Requirement:
Copy each line below as it stands, but skip any picture it contains.

Dataset extract:
+ + +

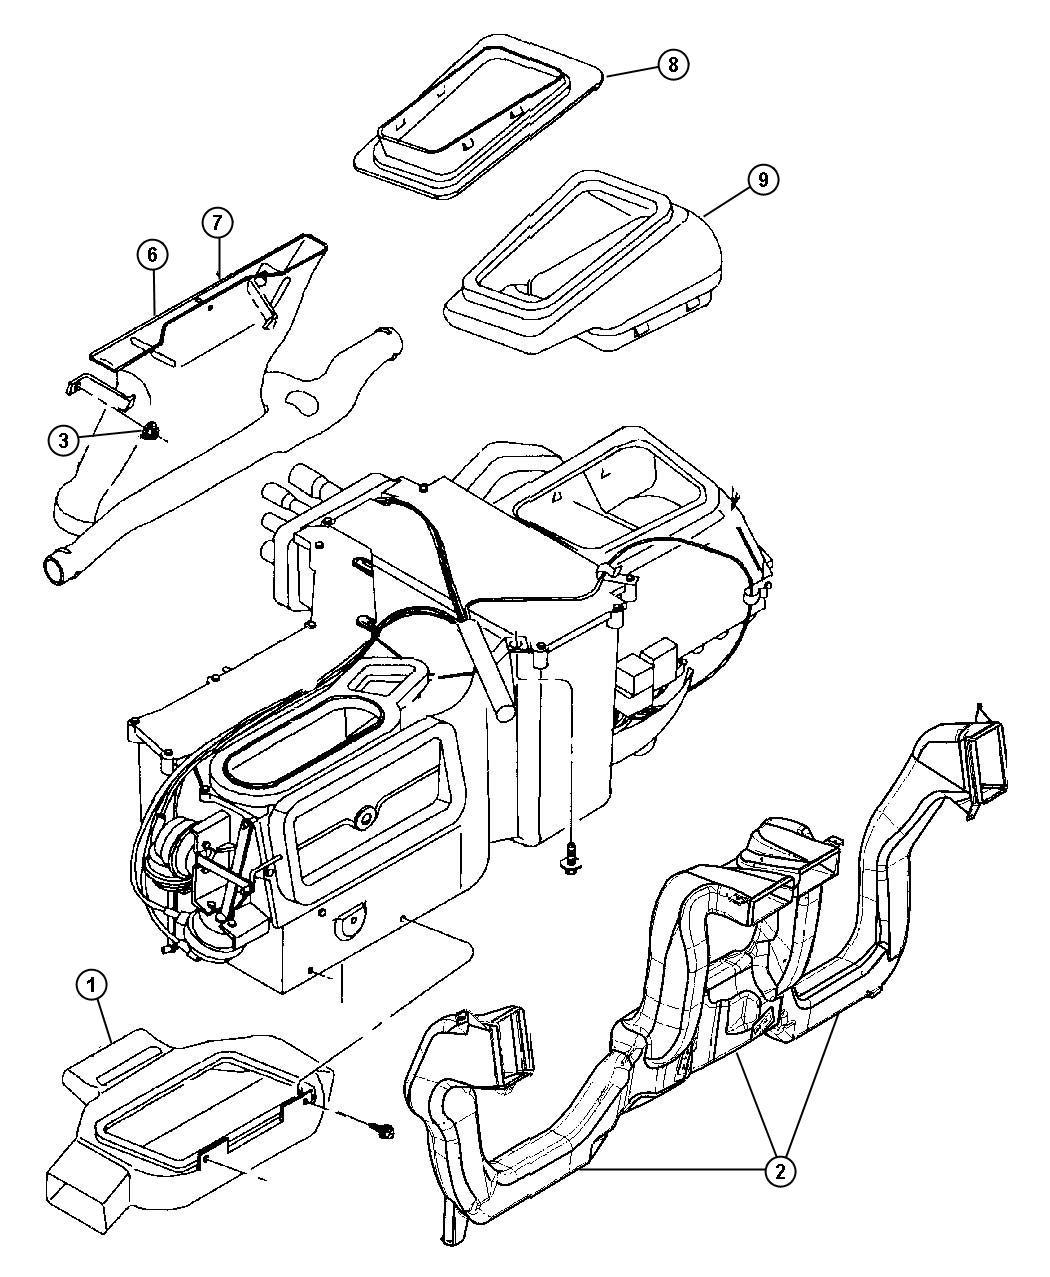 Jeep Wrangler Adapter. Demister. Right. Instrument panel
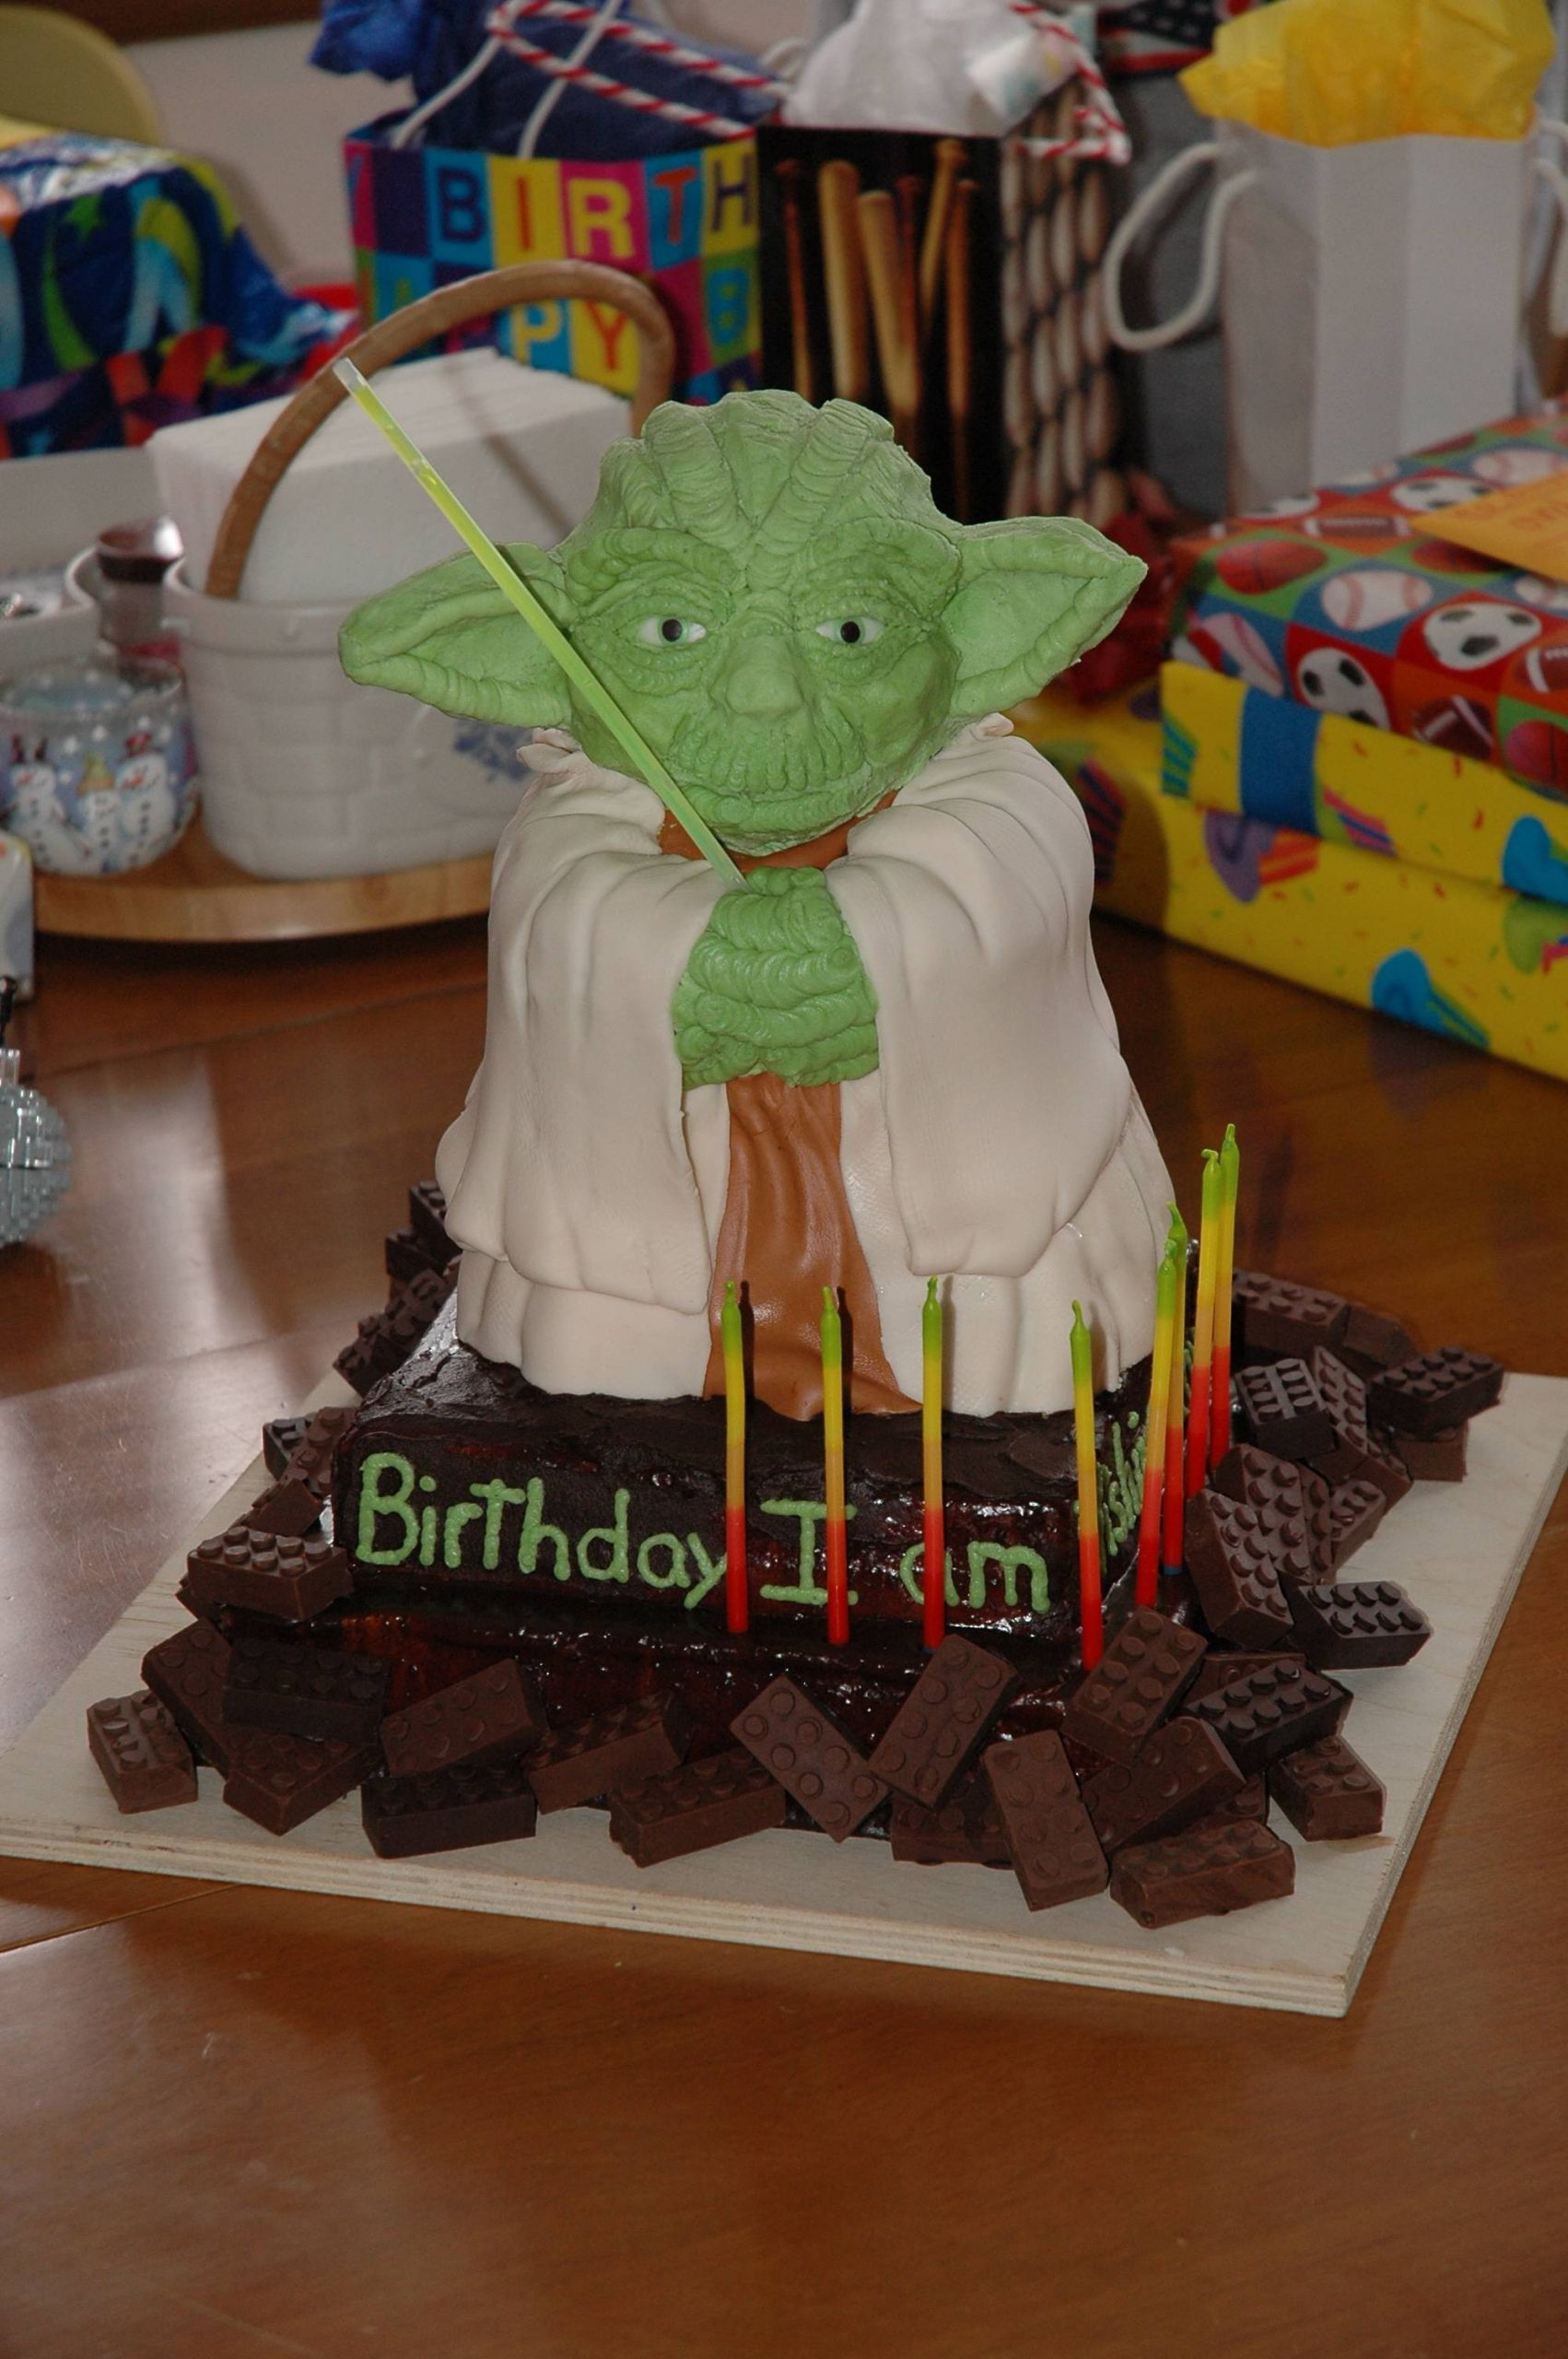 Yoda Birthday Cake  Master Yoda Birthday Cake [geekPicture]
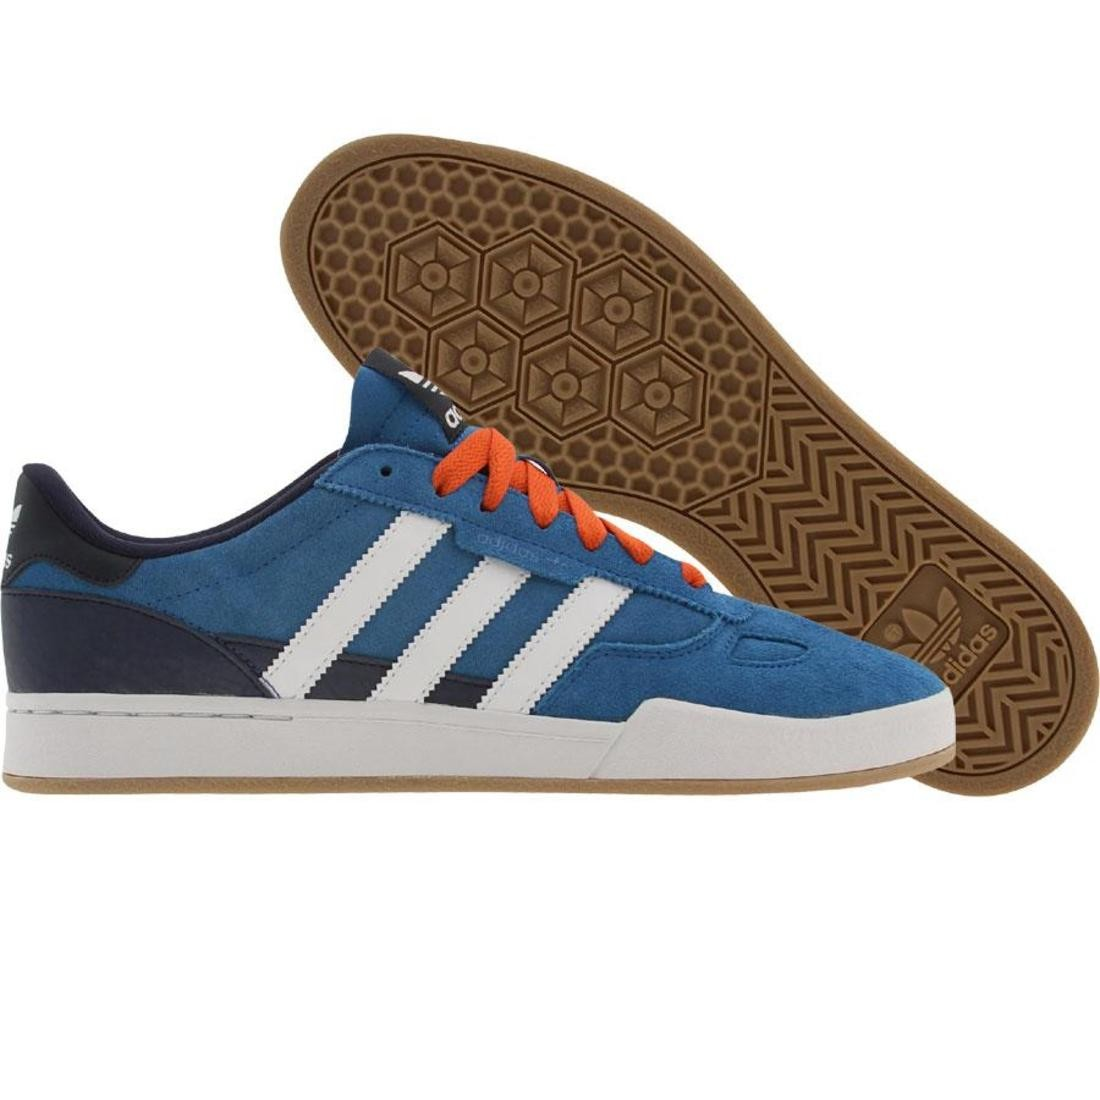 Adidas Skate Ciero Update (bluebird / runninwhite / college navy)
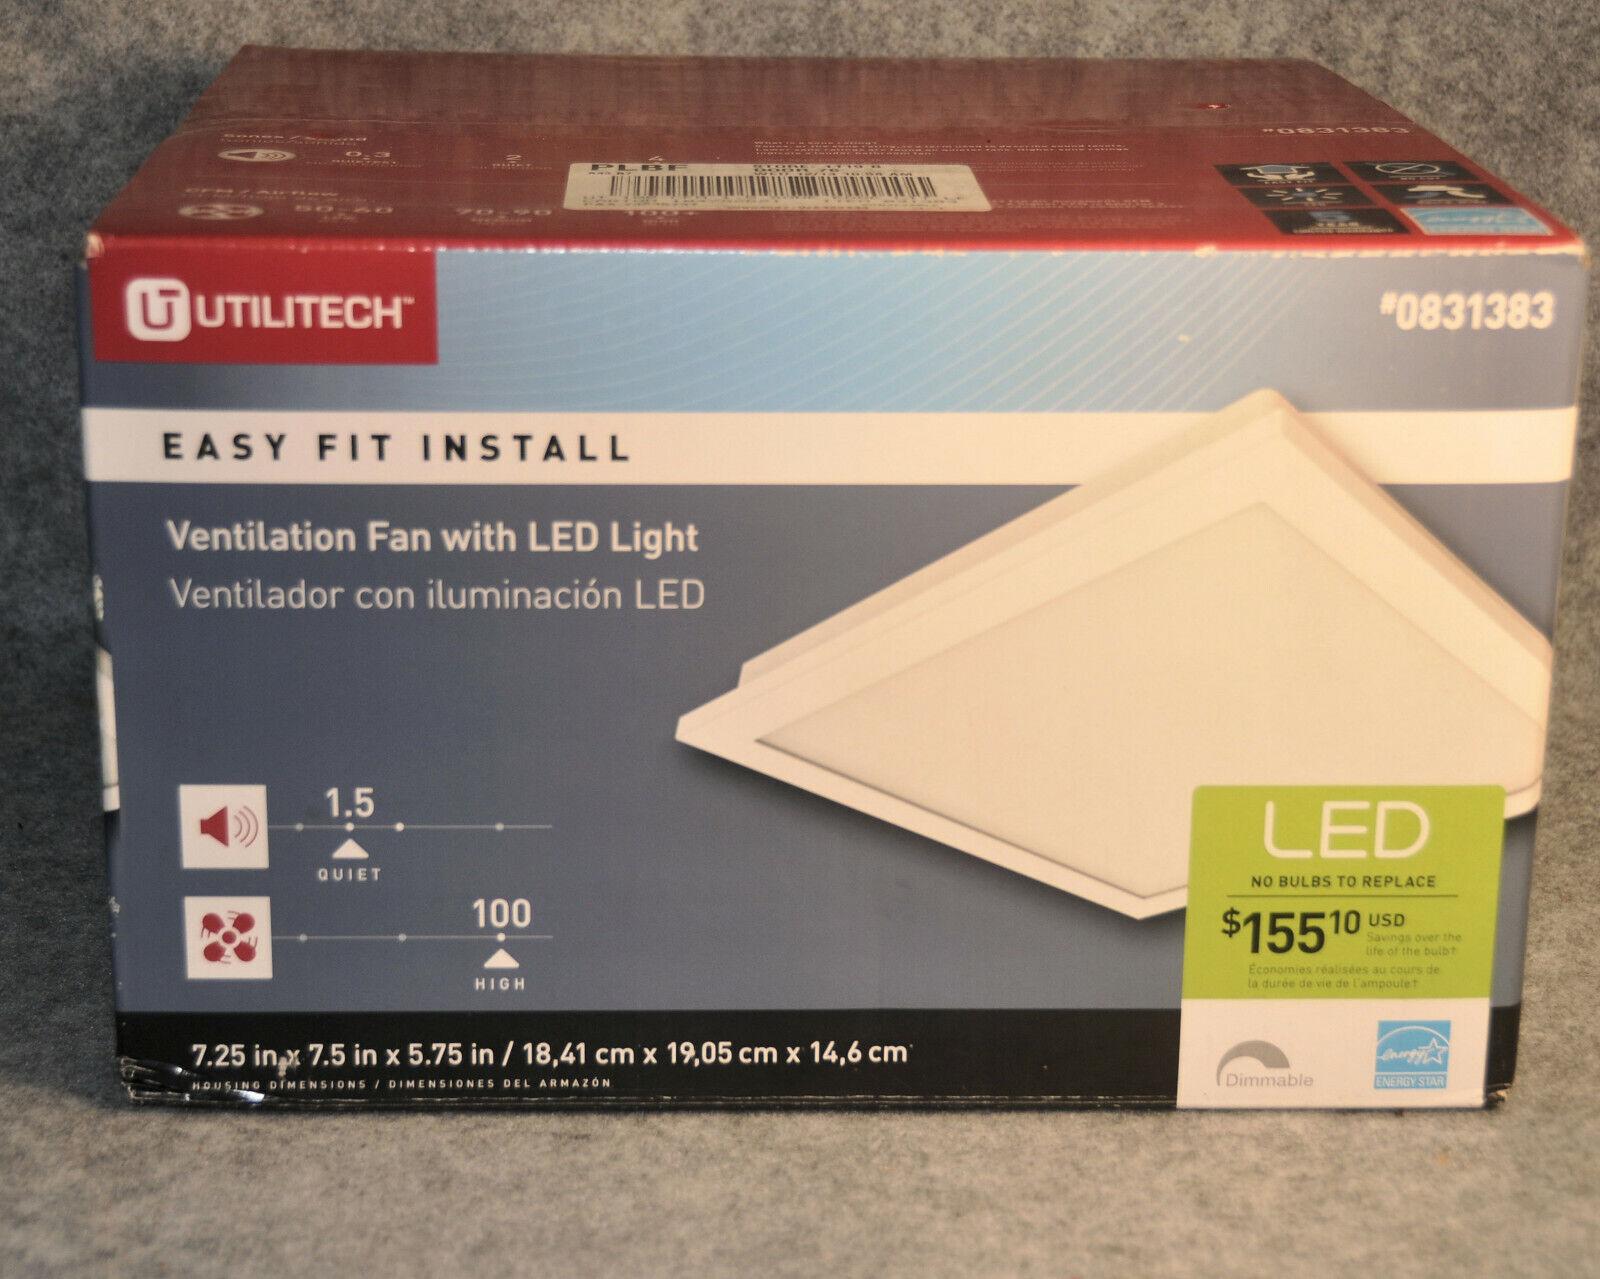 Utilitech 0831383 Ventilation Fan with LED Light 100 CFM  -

+ + +

Reply to the exercise:
 Jeep Wrangler Adapter. Demister. Right. Instrument panel
 Yoda Birthday Cake  Master Yoda Birthday Cake [geekPicture]
 Adidas Skate Ciero Update (bluebird / runninwhite / college navy)
 Utilitech 0831383 Ventilation Fan with LED Light 100 CFM  -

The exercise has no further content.